*Assignment*: Would you please copy only the lines from the line that contains "Upload files to" to the end of the data below, exactly, leaving every picture out?

*Given material*:
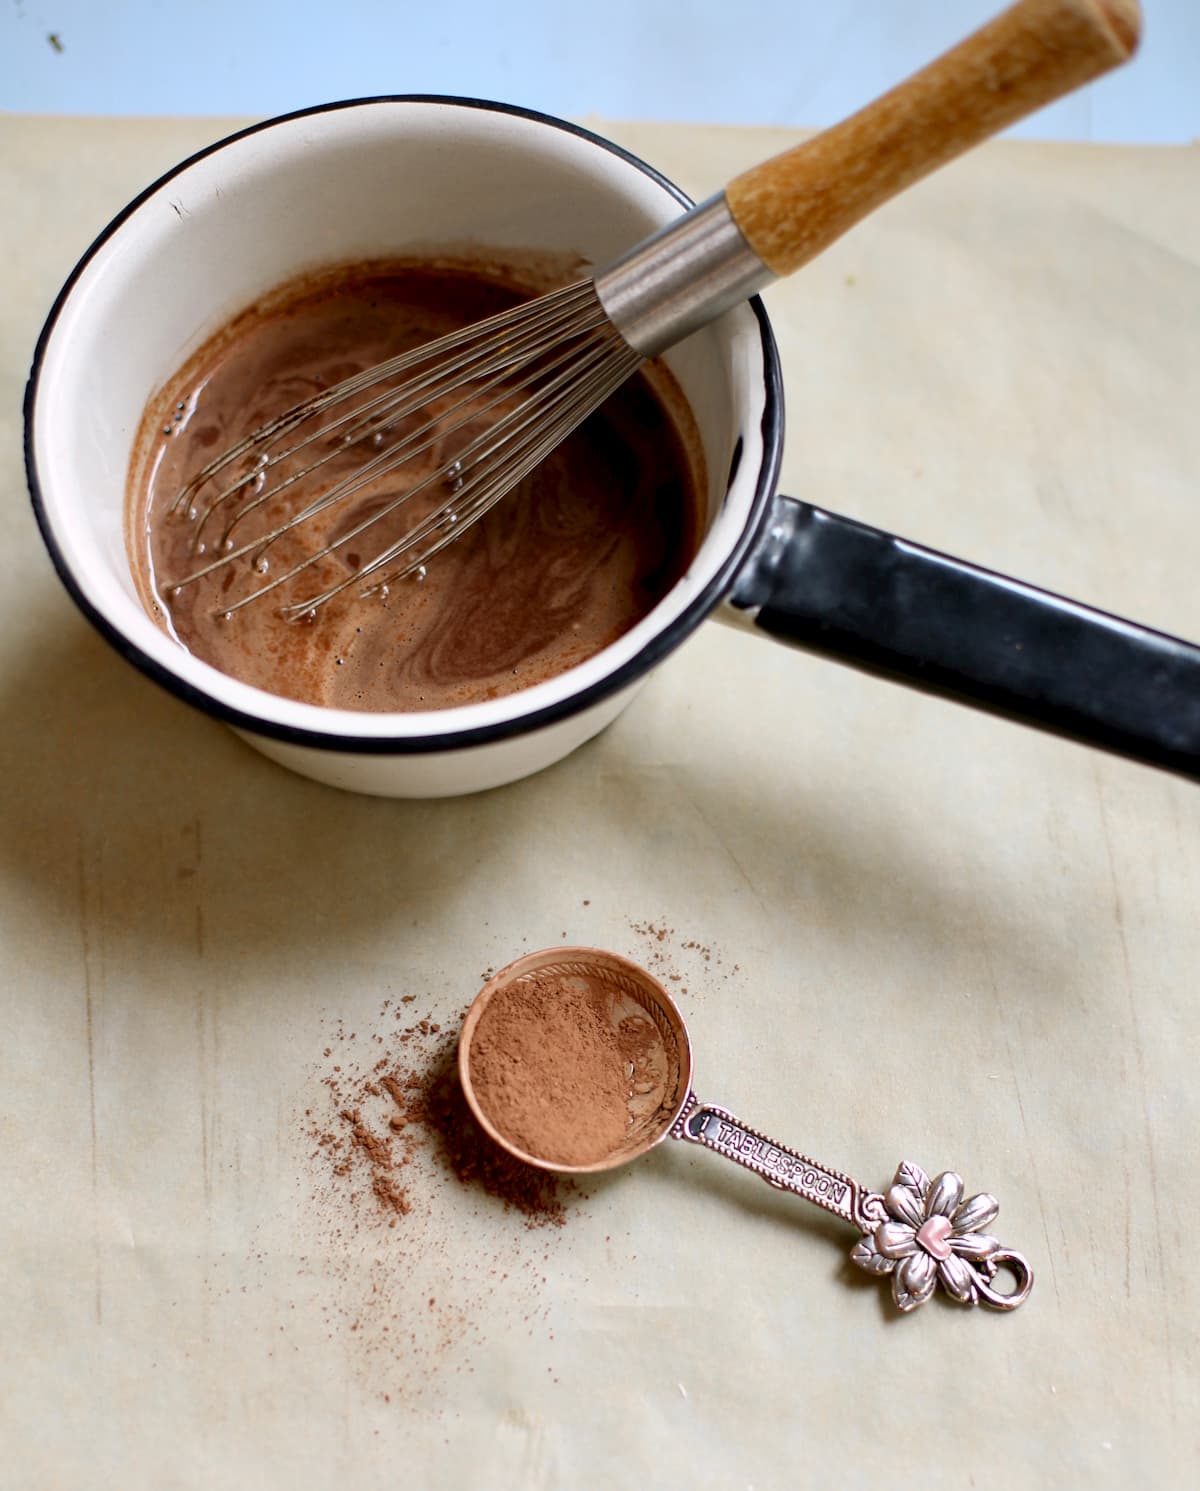 saucepan of hot chocolate and a measuring spoon
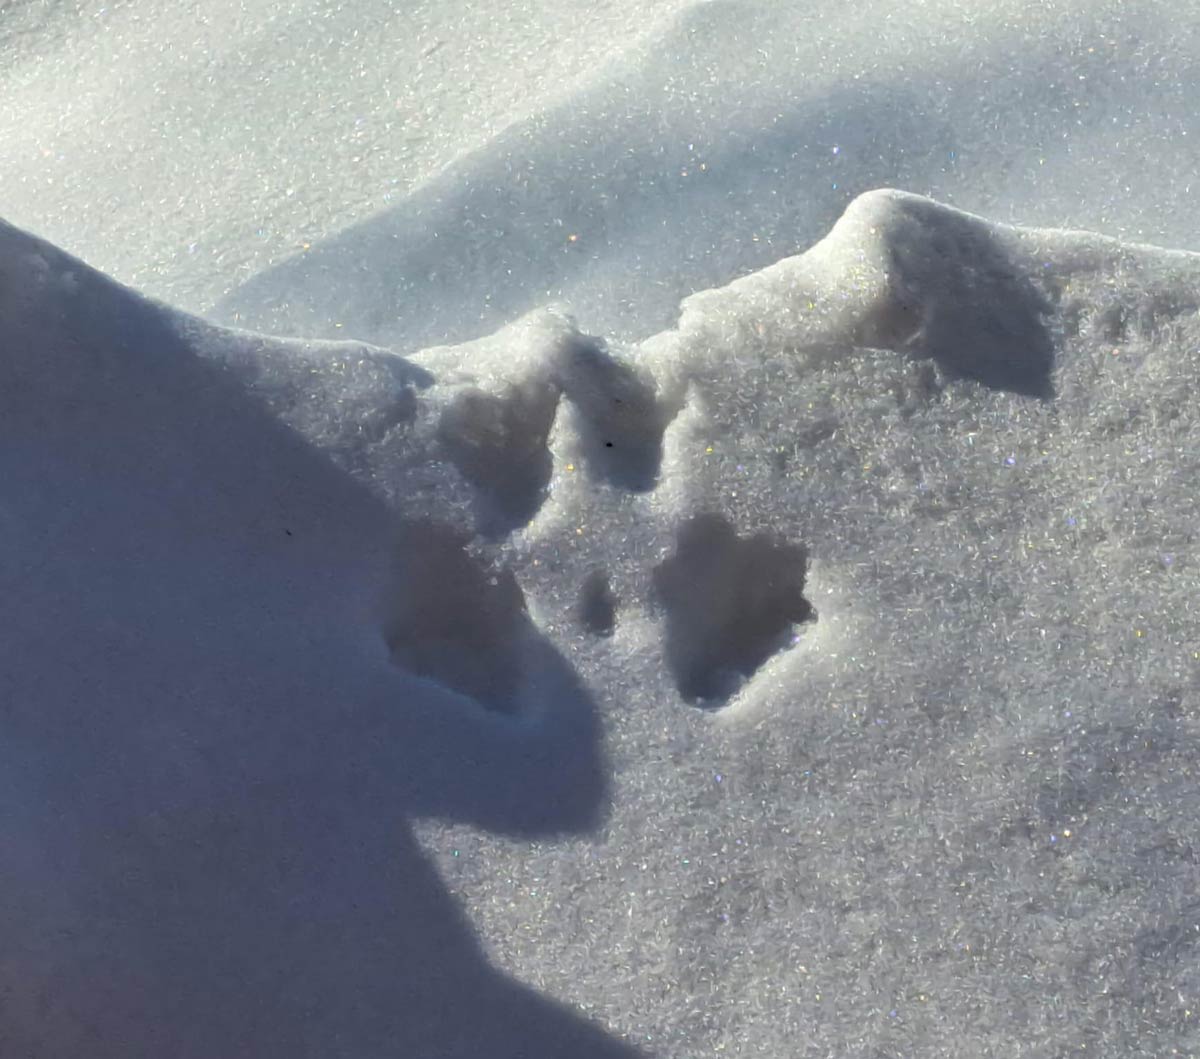 Tracks of a male squirrel
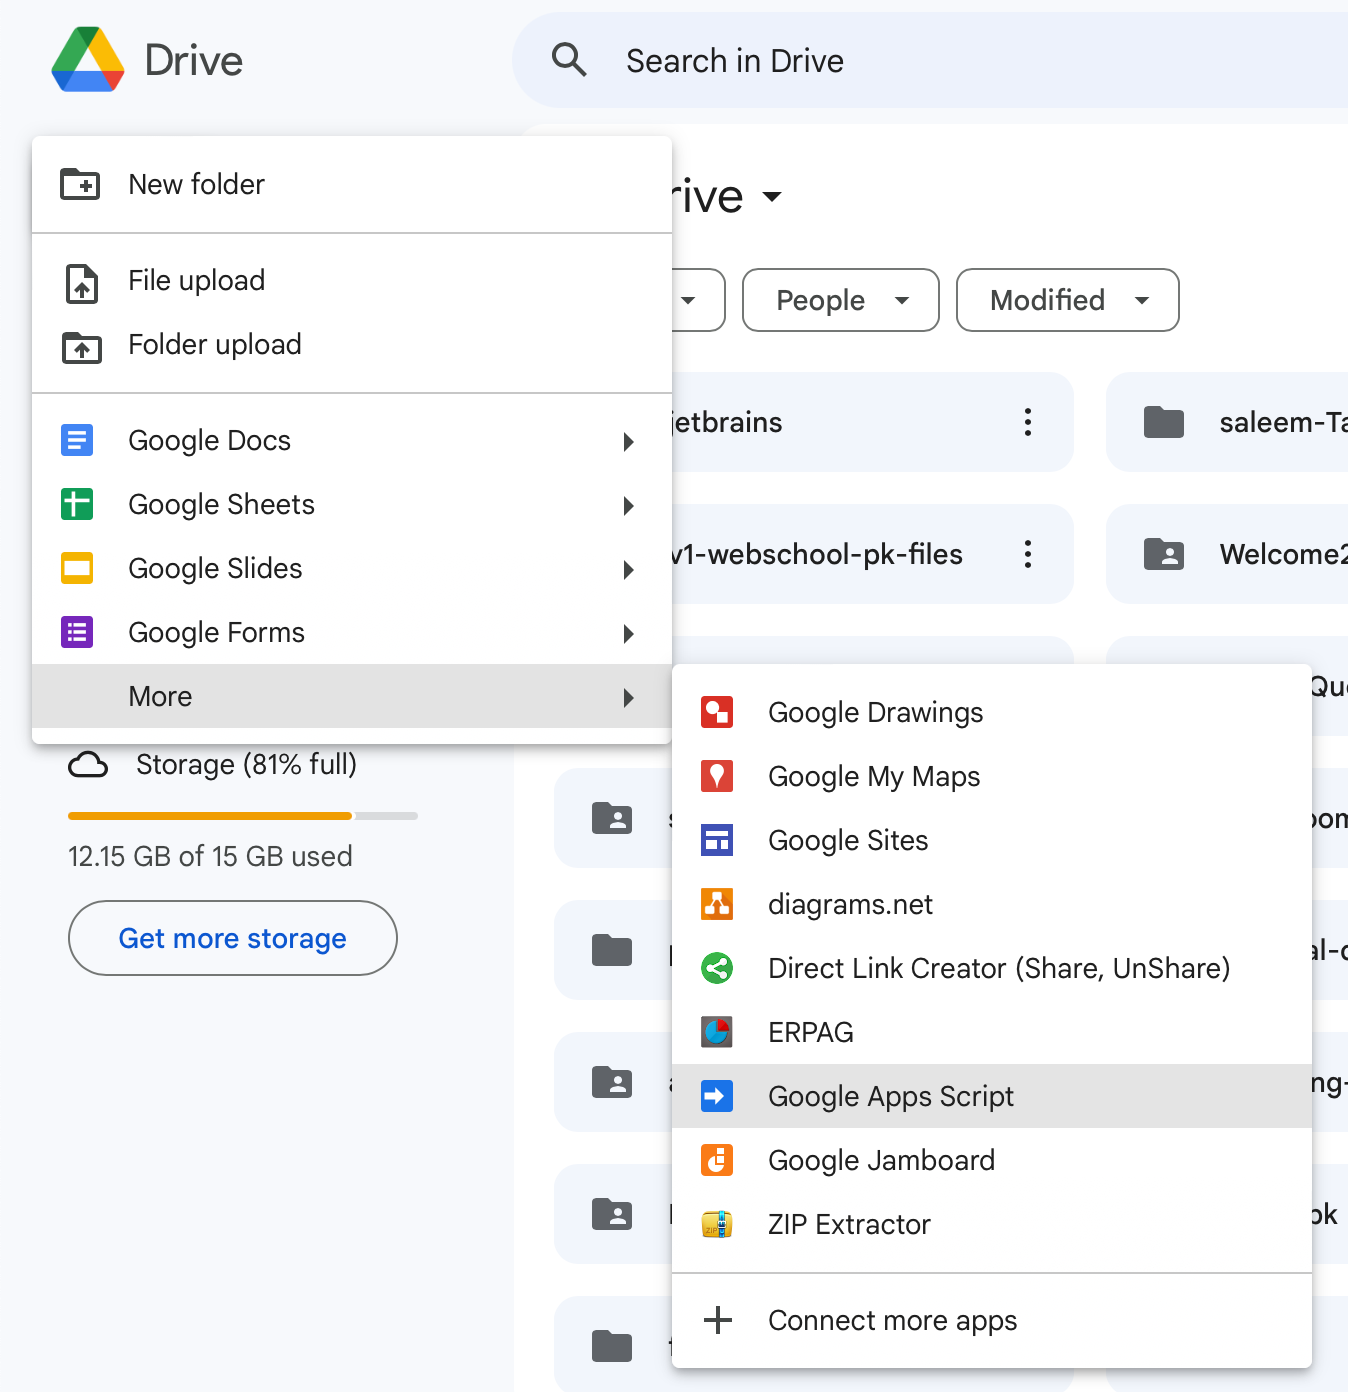 Upload files to Google Drive from Google Forms, Apps Script
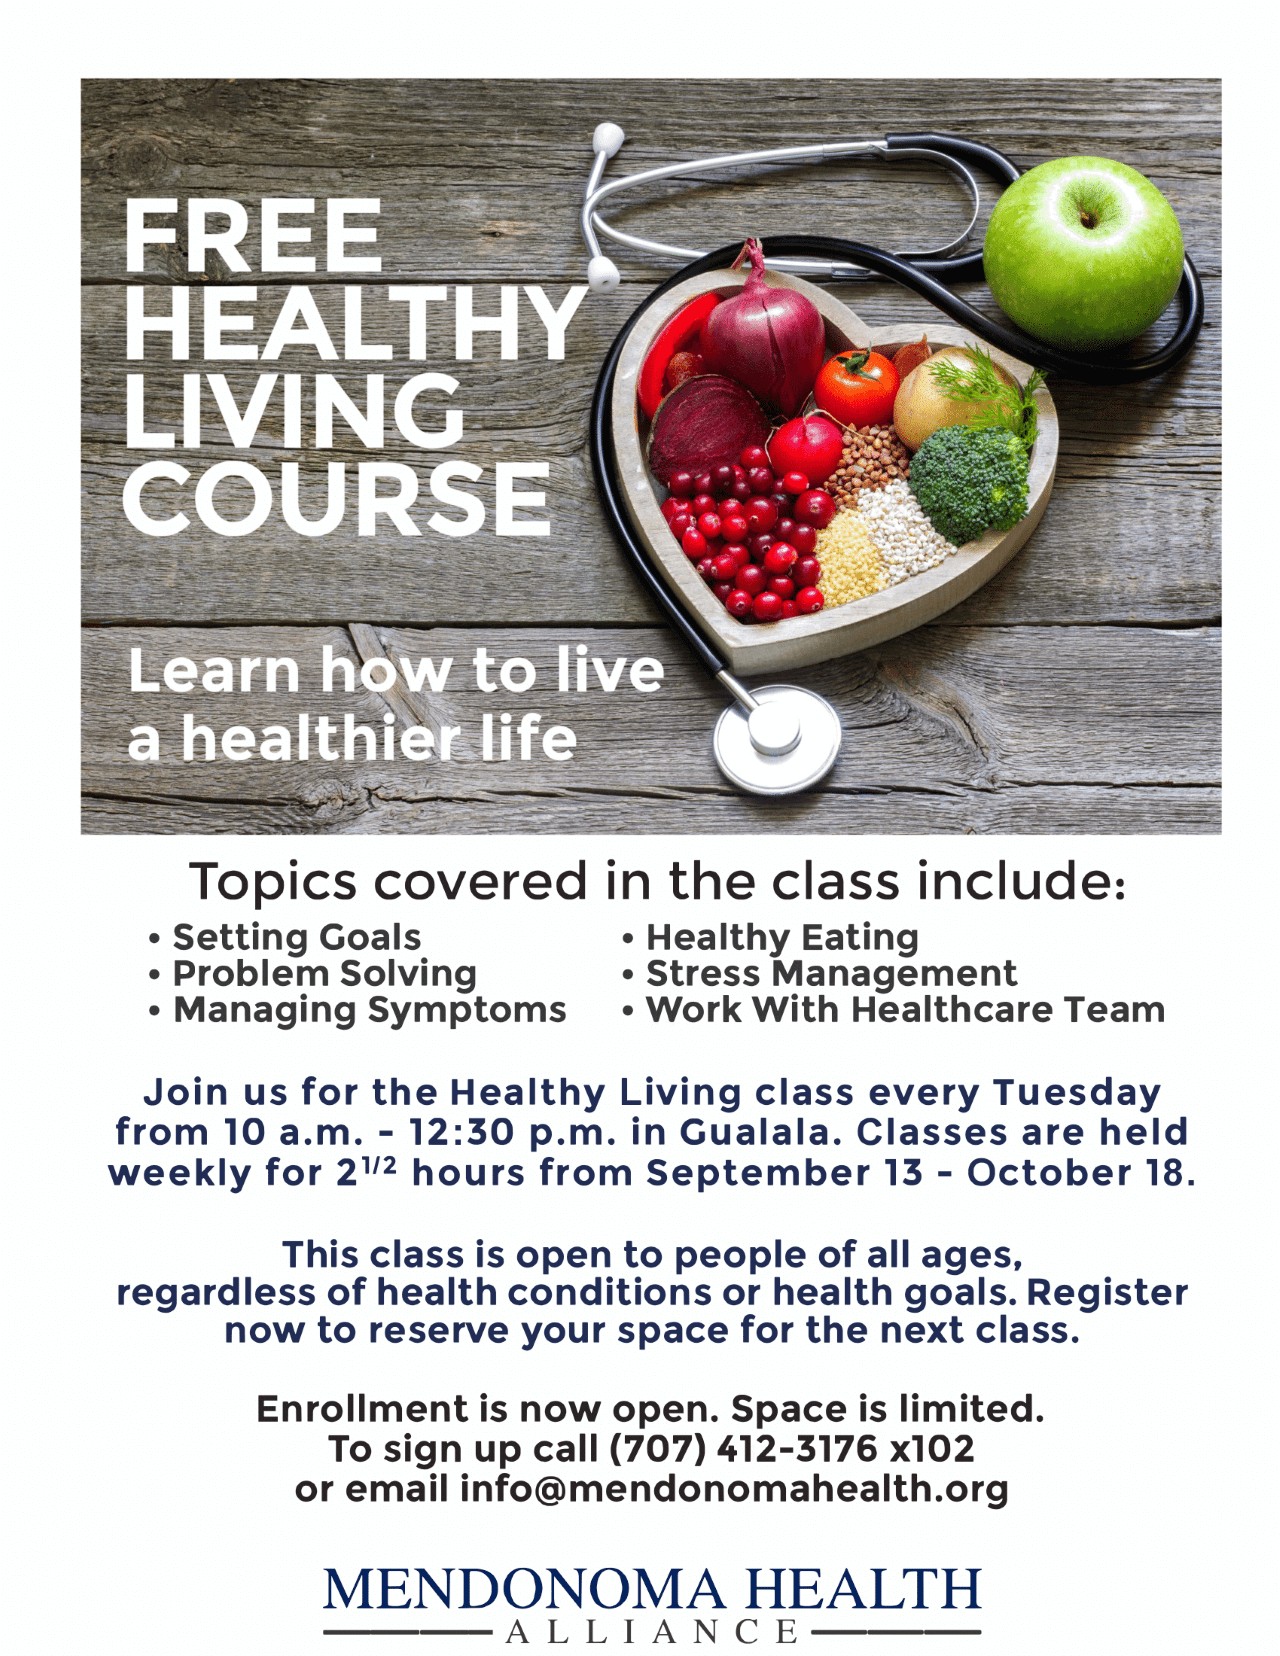 Flyer with apple, stethoscope & fresh vegetables in a heart shaped bowl advertising a Free Healthy Living Class in Gualala starting on Sept 13 - Oct 18. Register by calling (707) 412-3176 x102.

*Solution to this task*:
 Upload files to Google Drive from Google Forms, Apps Script
 Flyer with apple, stethoscope & fresh vegetables in a heart shaped bowl advertising a Free Healthy Living Class in Gualala starting on Sept 13 - Oct 18. Register by calling (707) 412-3176 x102.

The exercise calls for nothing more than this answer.